Valence electrons are the electrons in the outermost shell of an atom that can participate in the formation of chemical bonds. In the exercise, the number of valence electrons is used to construct the Lewis structure of sulfuric acid. Hydrogen has 1 valence electron, sulfur has 6, and oxygen has 6. The summation of these electrons gives us the total to work with—32 valence electrons for \( \mathrm{H}_{2}\mathrm{SO}_{4} \).

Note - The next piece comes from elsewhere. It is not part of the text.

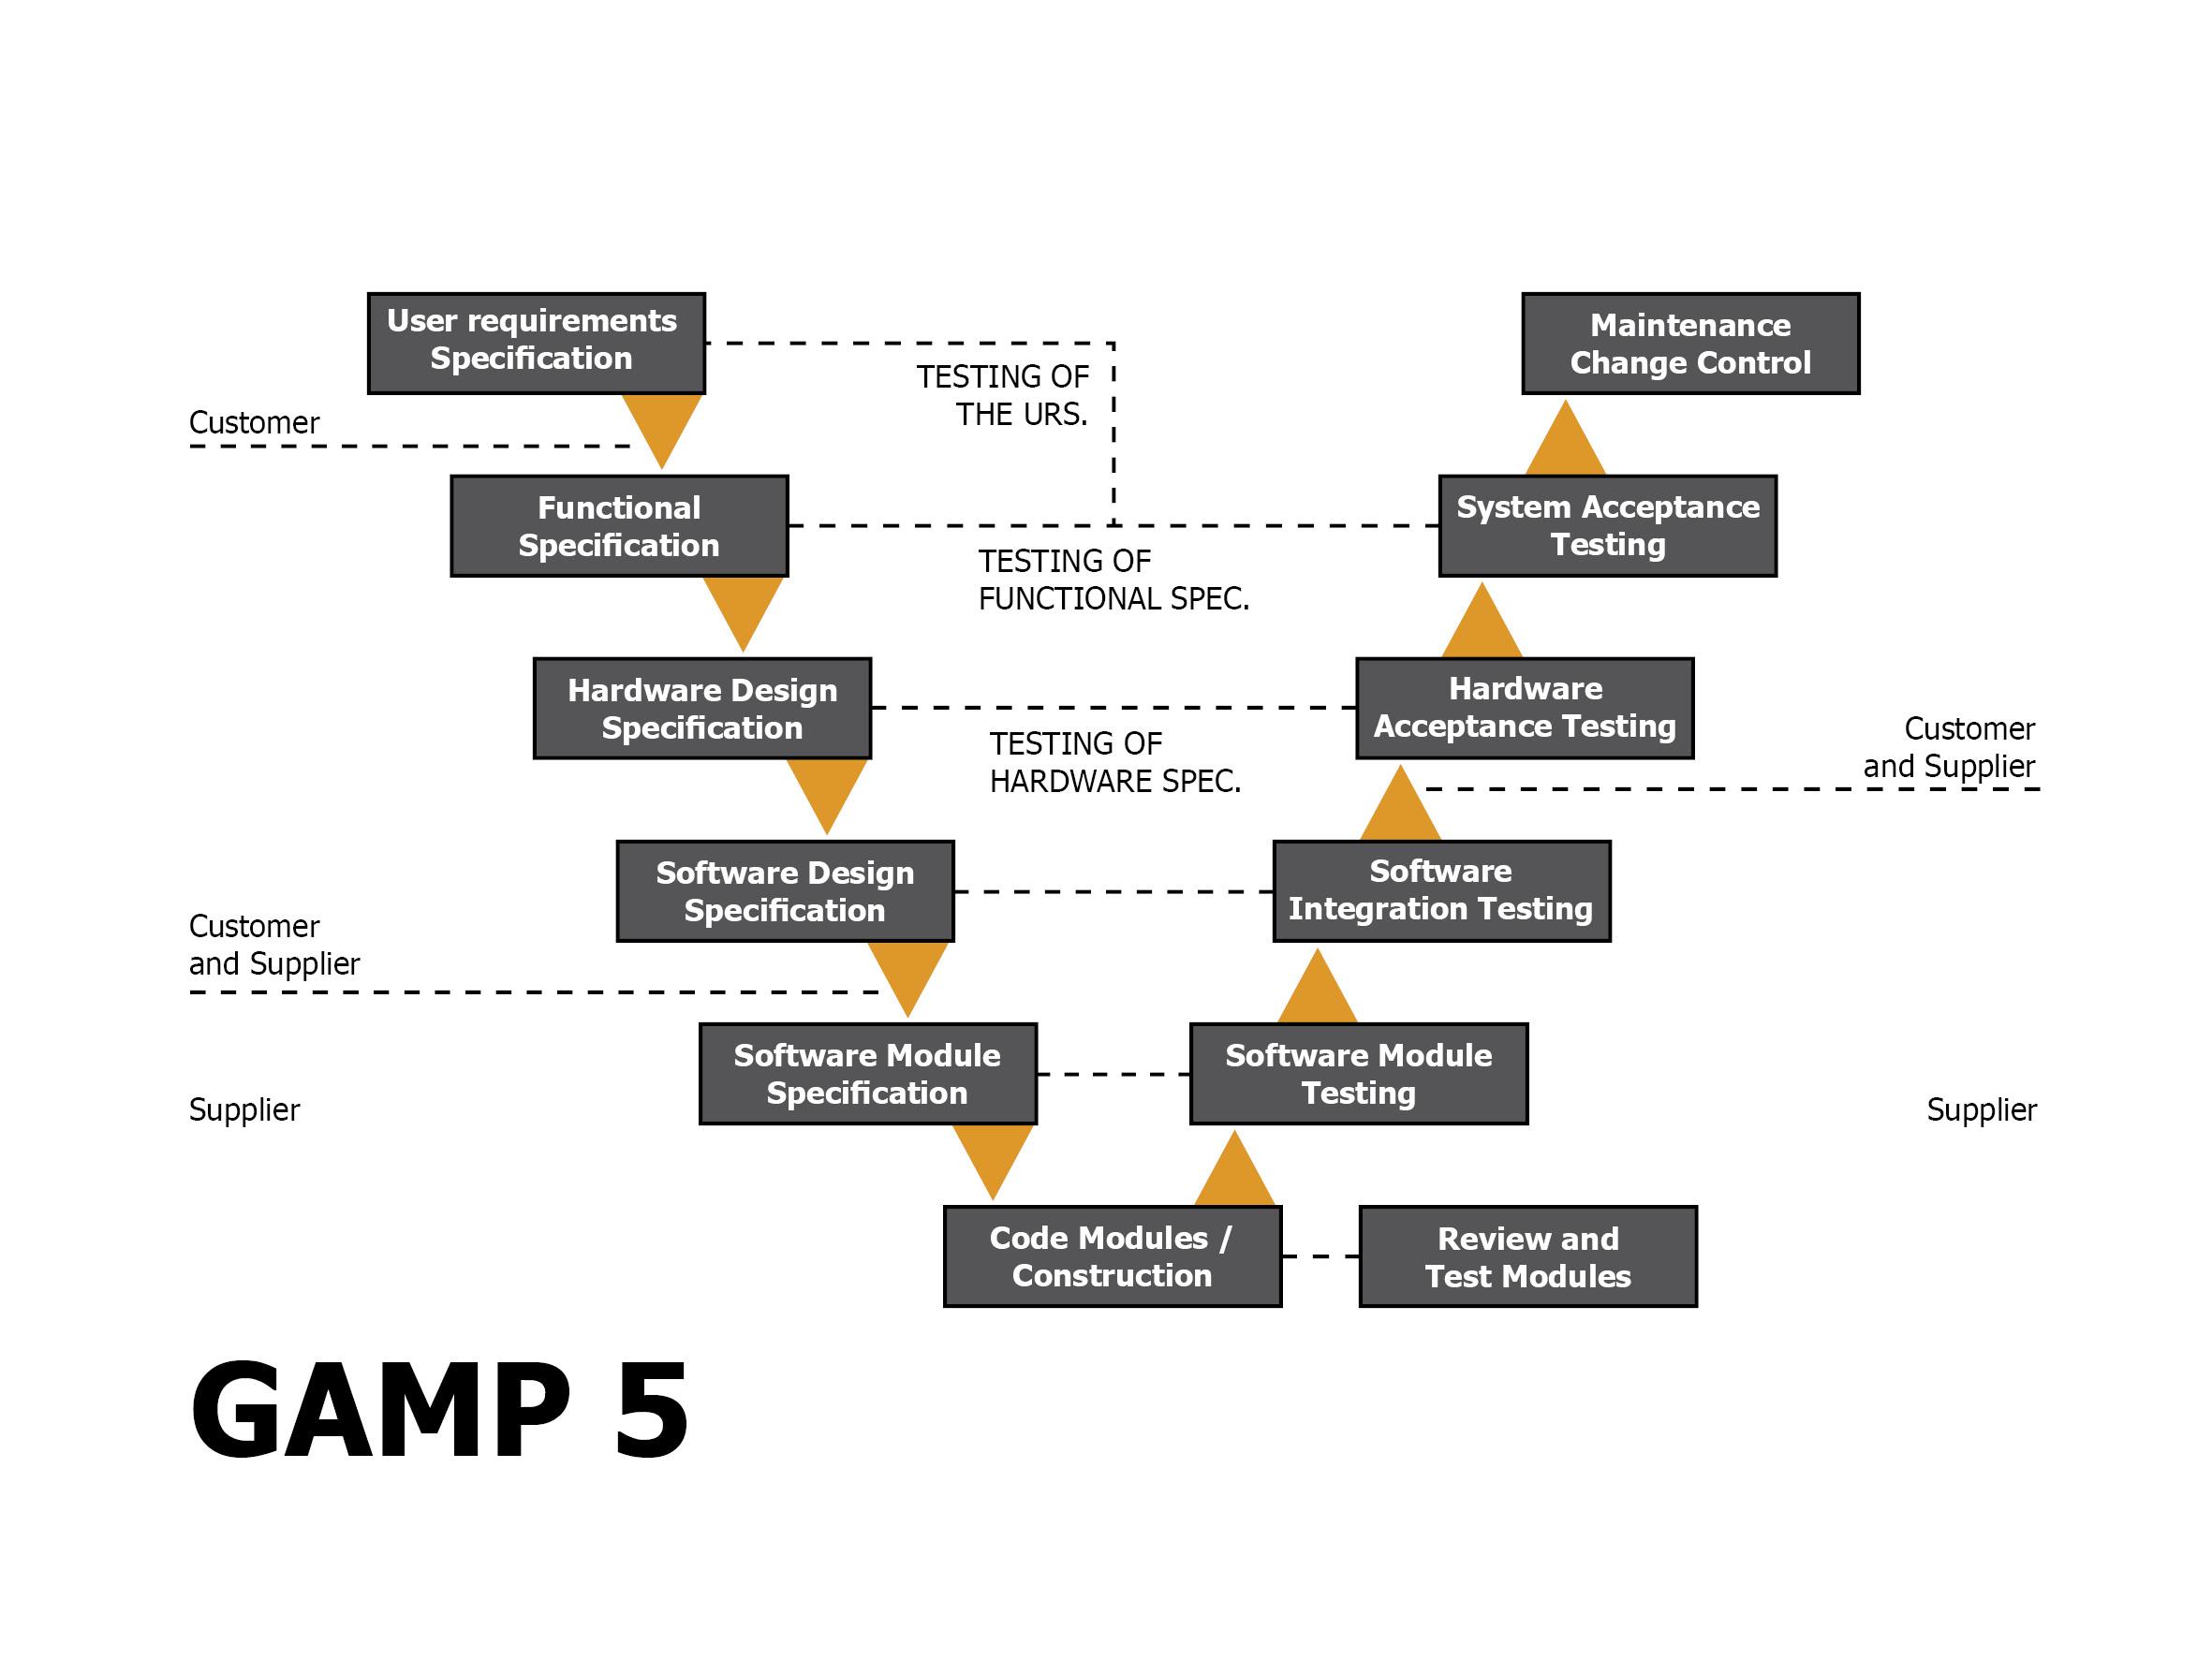 model in software testing v diagram wiring for large 7 pin trailer plug gamp 5 lasertec ie

The arrangement of these electrons is the first step in drawing our Lewis structure. Sulfuric acid is unique because while hydrogen generally forms single bonds, sulfur and oxygen can form multiple bond types. In structuring the molecule, it's essential to place these valence electrons not only to form bonds but also to fill the octets of the oxygen atoms, adhering to the octet rule. The remaining electrons are assigned as lone pairs or part of double bonds to minimize the formal charge and satisfy the octet requirement for each atom.

Formal Charge

Formal charge is a bookkeeping tool used in chemistry to determine the charge distribution within a molecule. The lower the formal charge, the more stable the molecule. To compute the formal charge, the formula is:\[\text{Formal Charge} = \text{Valence Electrons} - (\text{Non-bonding Electrons} + 0.5 \times \text{Bonding Electrons})\]

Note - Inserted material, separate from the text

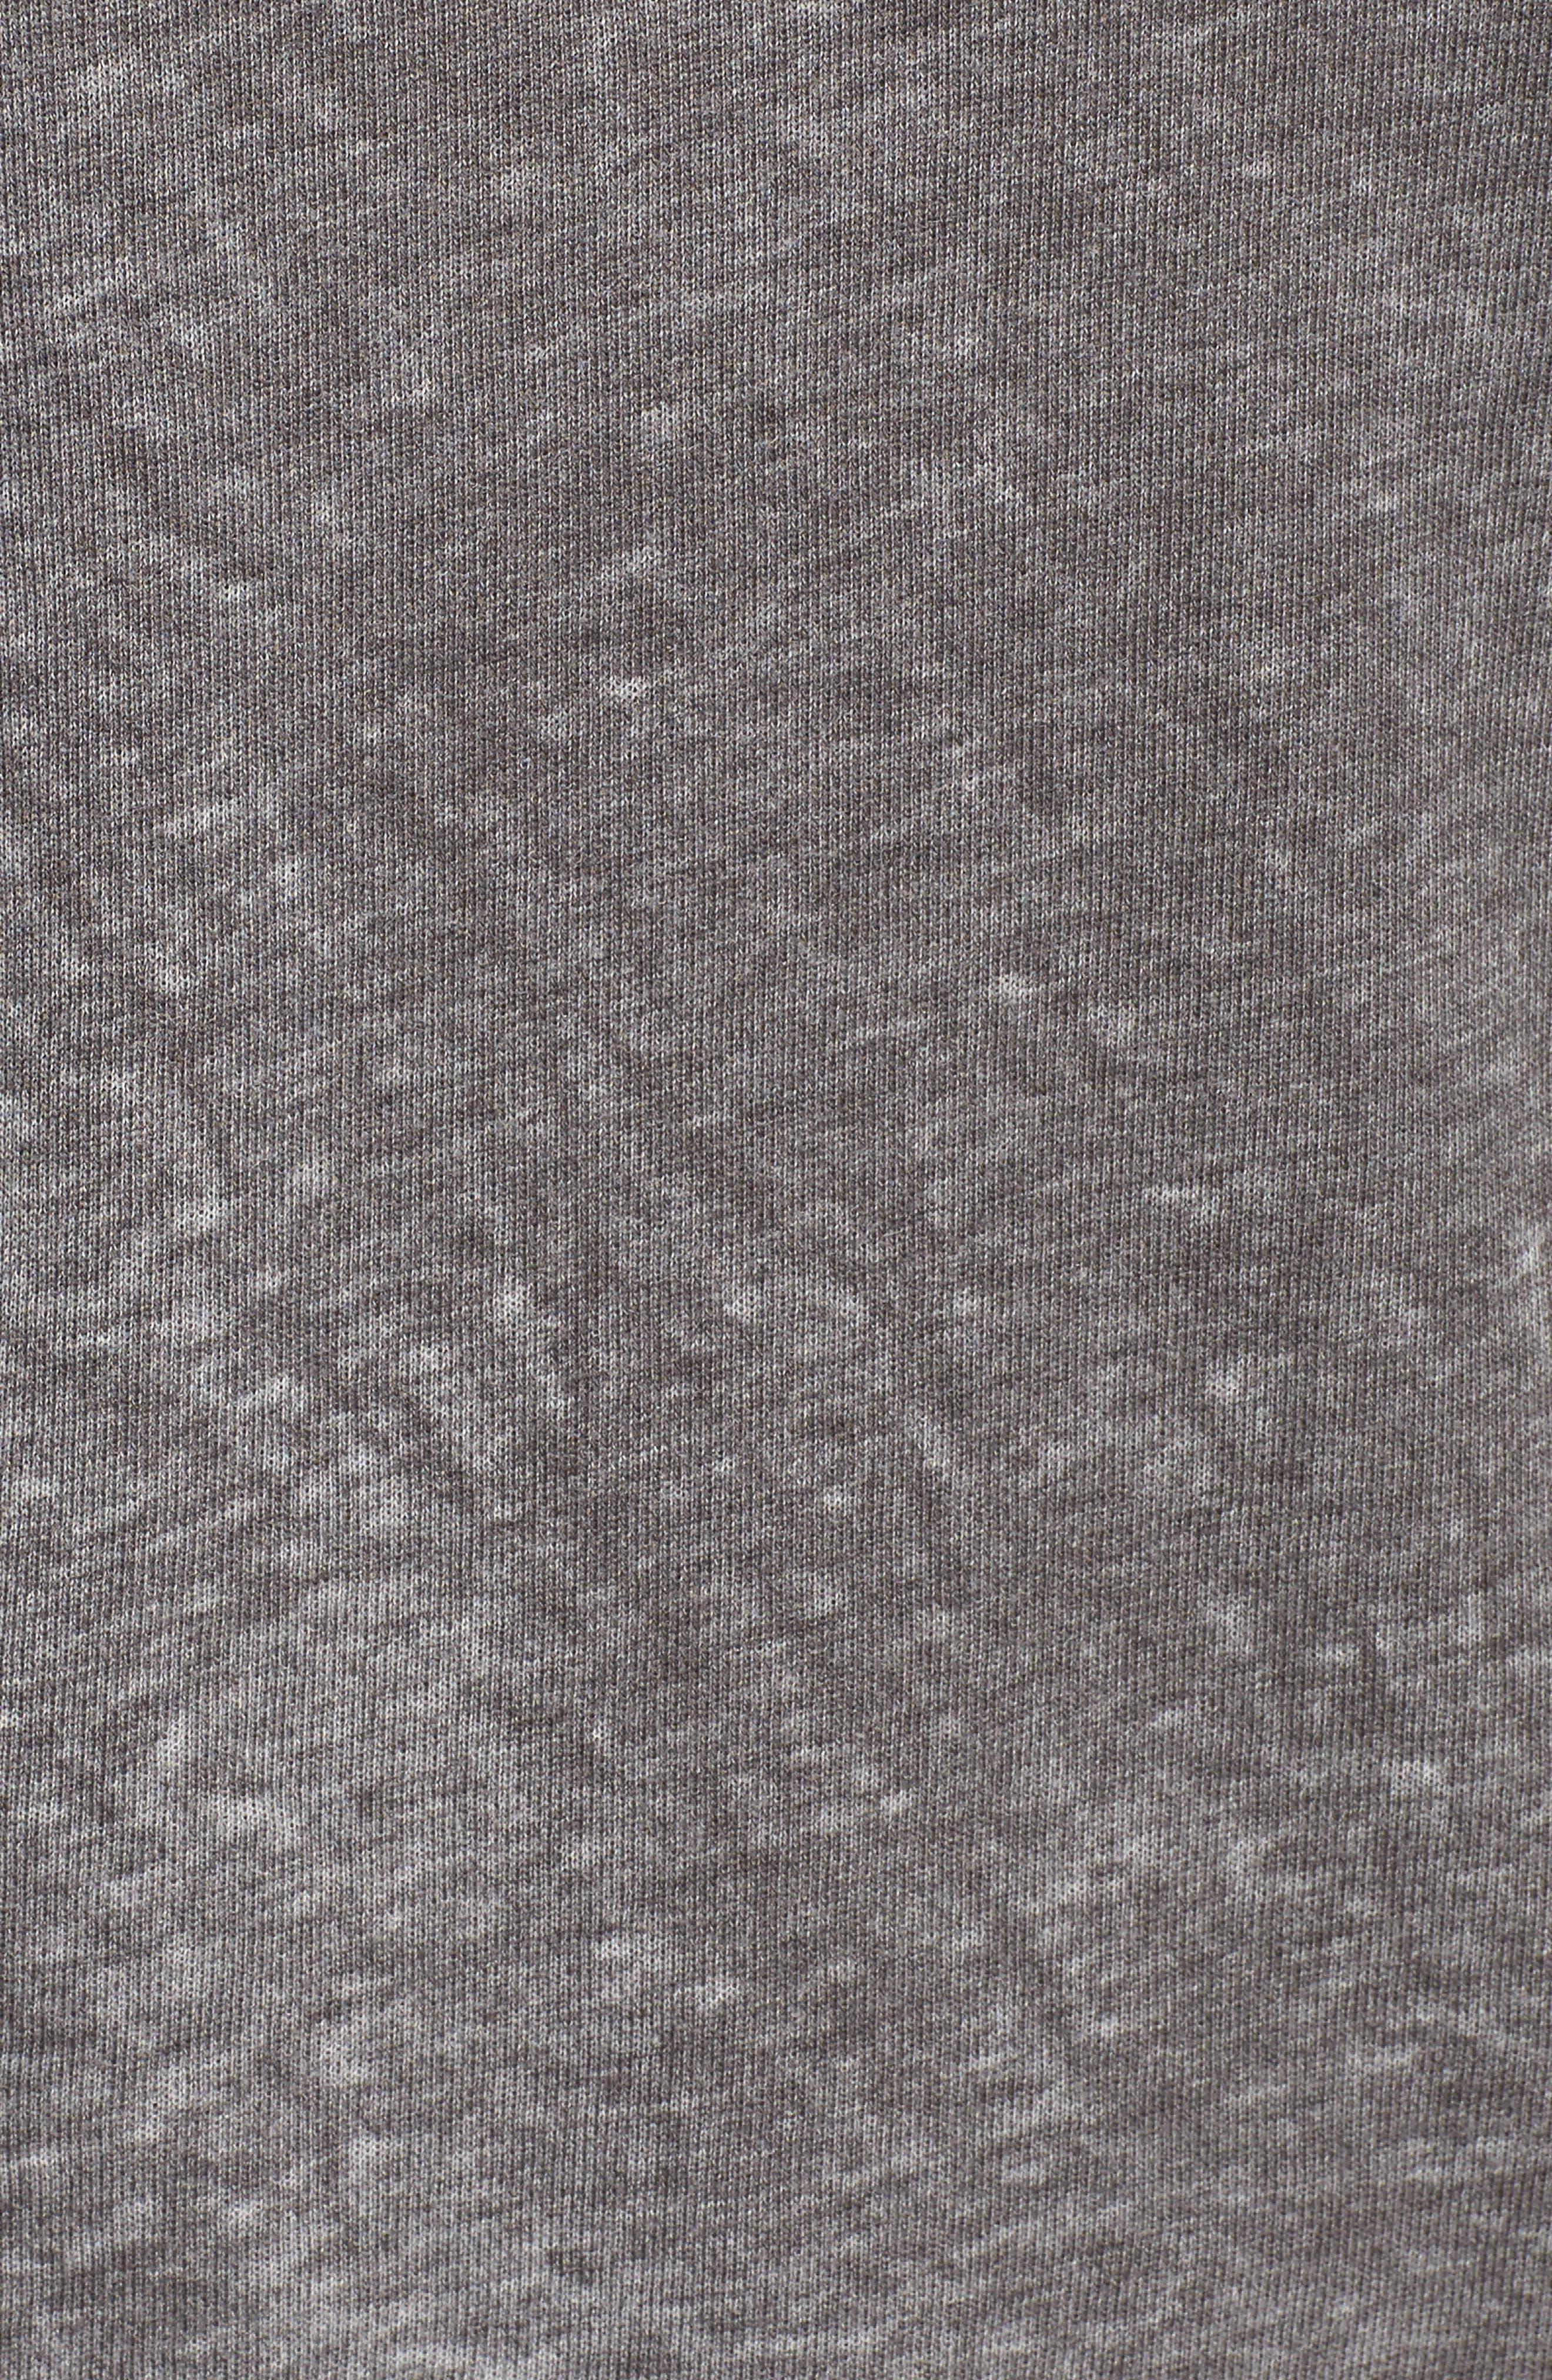 Original Burnout Sweatshirt,                             Alternate thumbnail 5, color,                             005

In the example of \( \mathrm{H}_{2}\mathrm{SO}_{4} \), we've seen that initially, the sulfur atom had a formal charge of +2, and the oxygen atoms had a formal charge of -1. To achieve a more stable structure with lower formal charges, we rearrange electrons to form double bonds. This reduces the formal charge on sulfur to 0, while also bringing the oxygen atoms' formal charges to 0. A Lewis structure that minimizes formal charge tends to be the most representative of the molecule's actual electronic structure, and this consideration is crucial when predicting the behavior and reactivity of molecules.